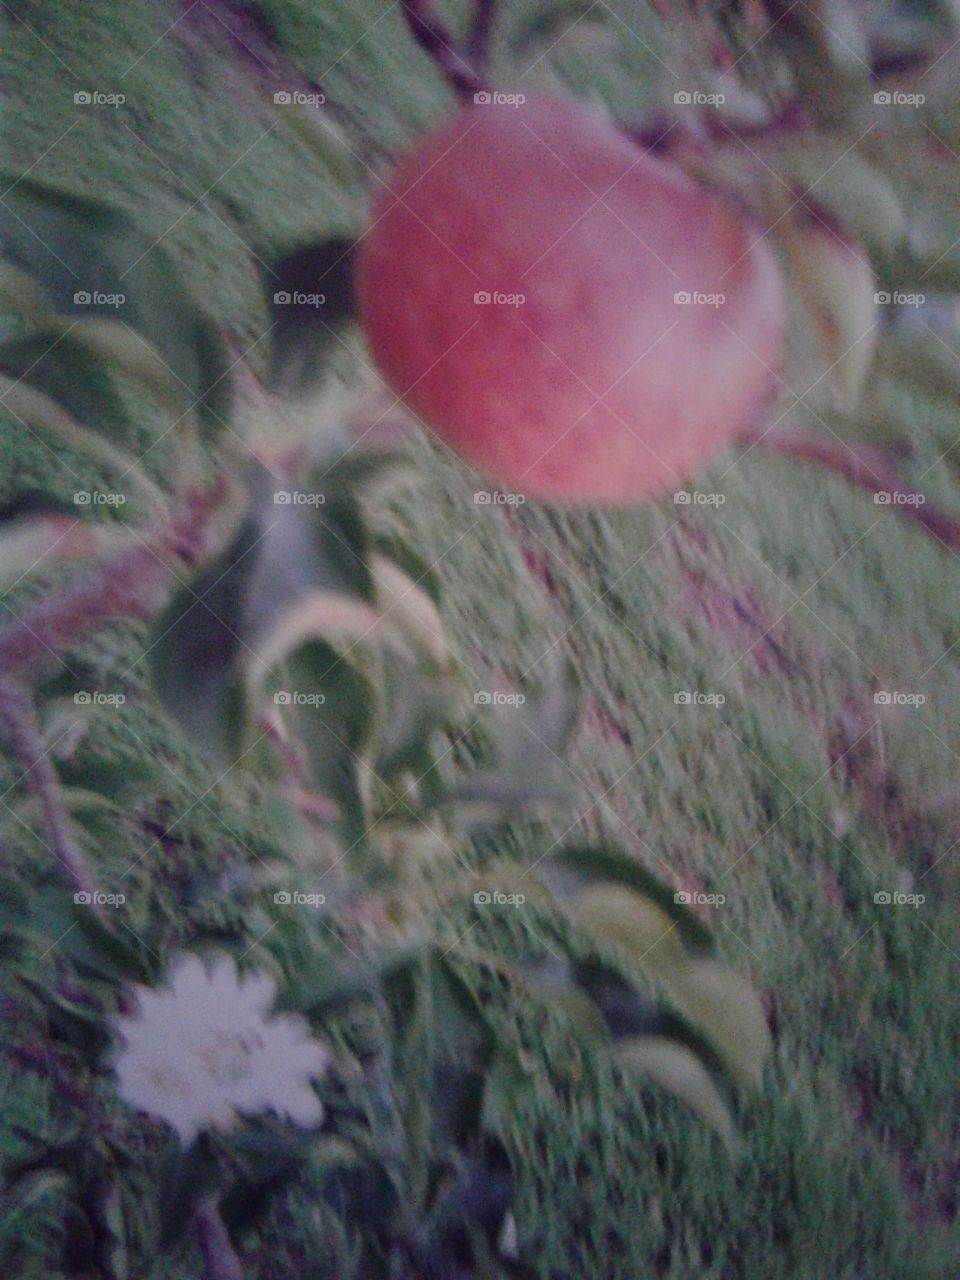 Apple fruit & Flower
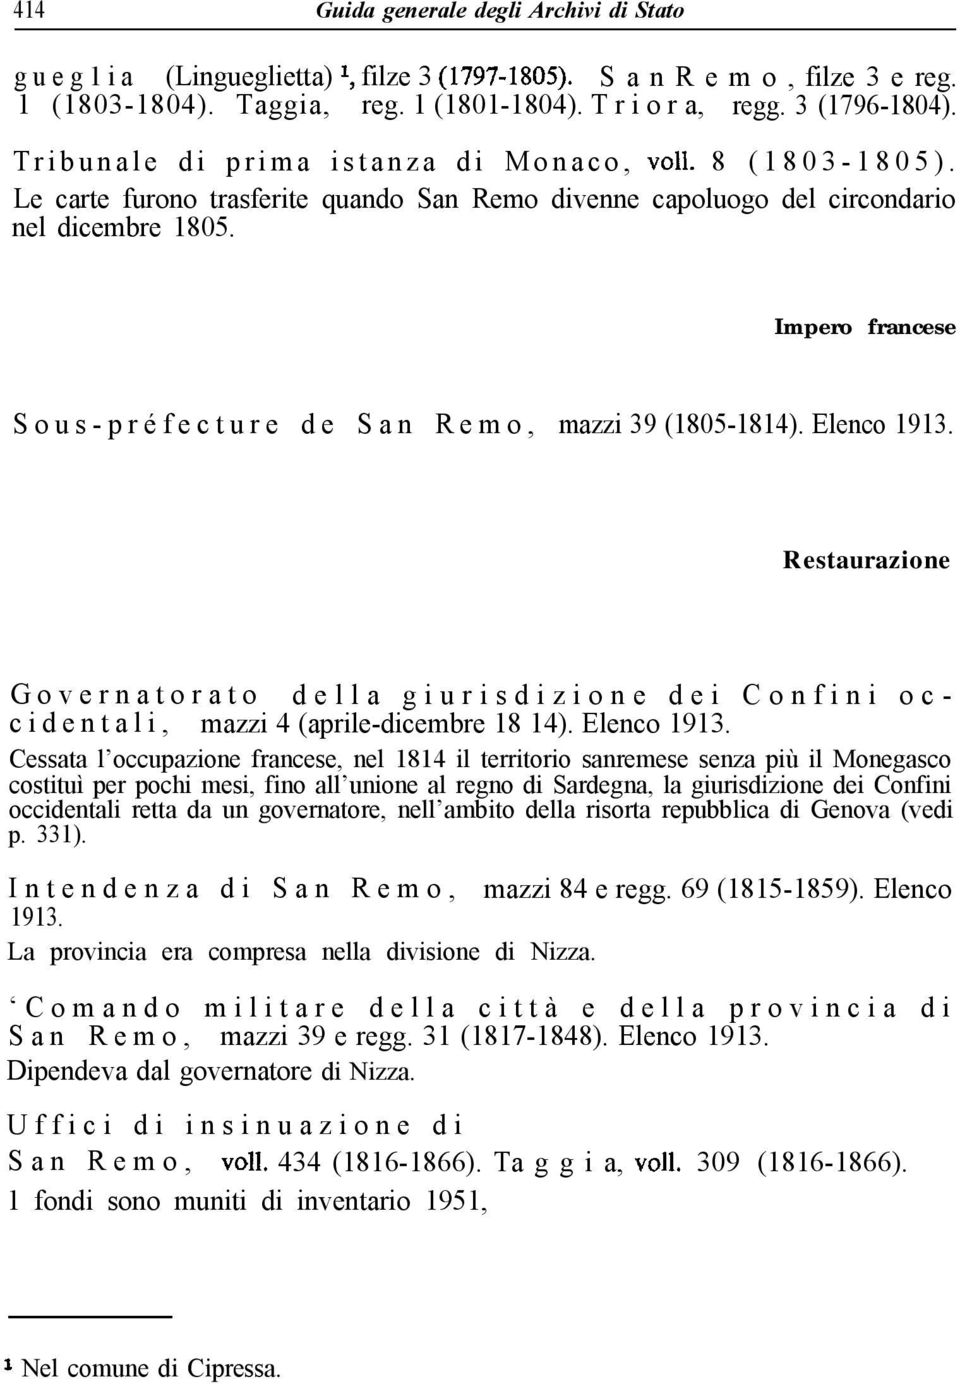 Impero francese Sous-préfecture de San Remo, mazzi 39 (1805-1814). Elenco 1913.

====

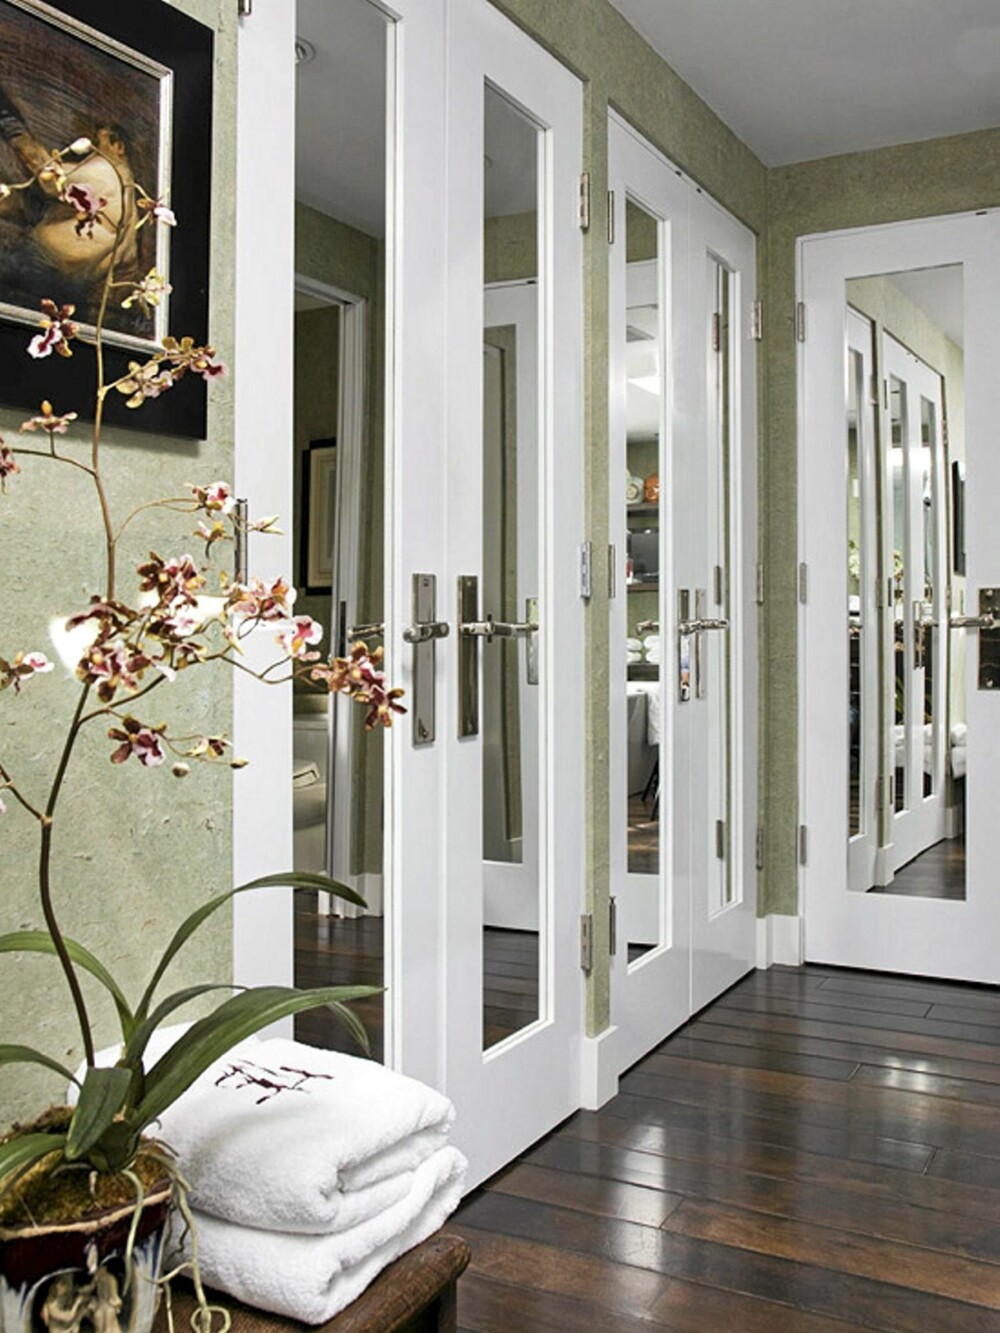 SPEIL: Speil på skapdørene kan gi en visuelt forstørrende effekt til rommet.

====

_DIRECTIONS FOR THIS TASK:_
Quote the data above exactly from the line with "Apple fruit & Flower" to the line with "Impero francese Sous-préfecture", both ends counted, and nothing else. Pictures don't go in.

_REPLY:_
 Apple fruit & Flower
 Impero francese Sous-préfecture de San Remo, mazzi 39 (1805-1814). Elenco 1913.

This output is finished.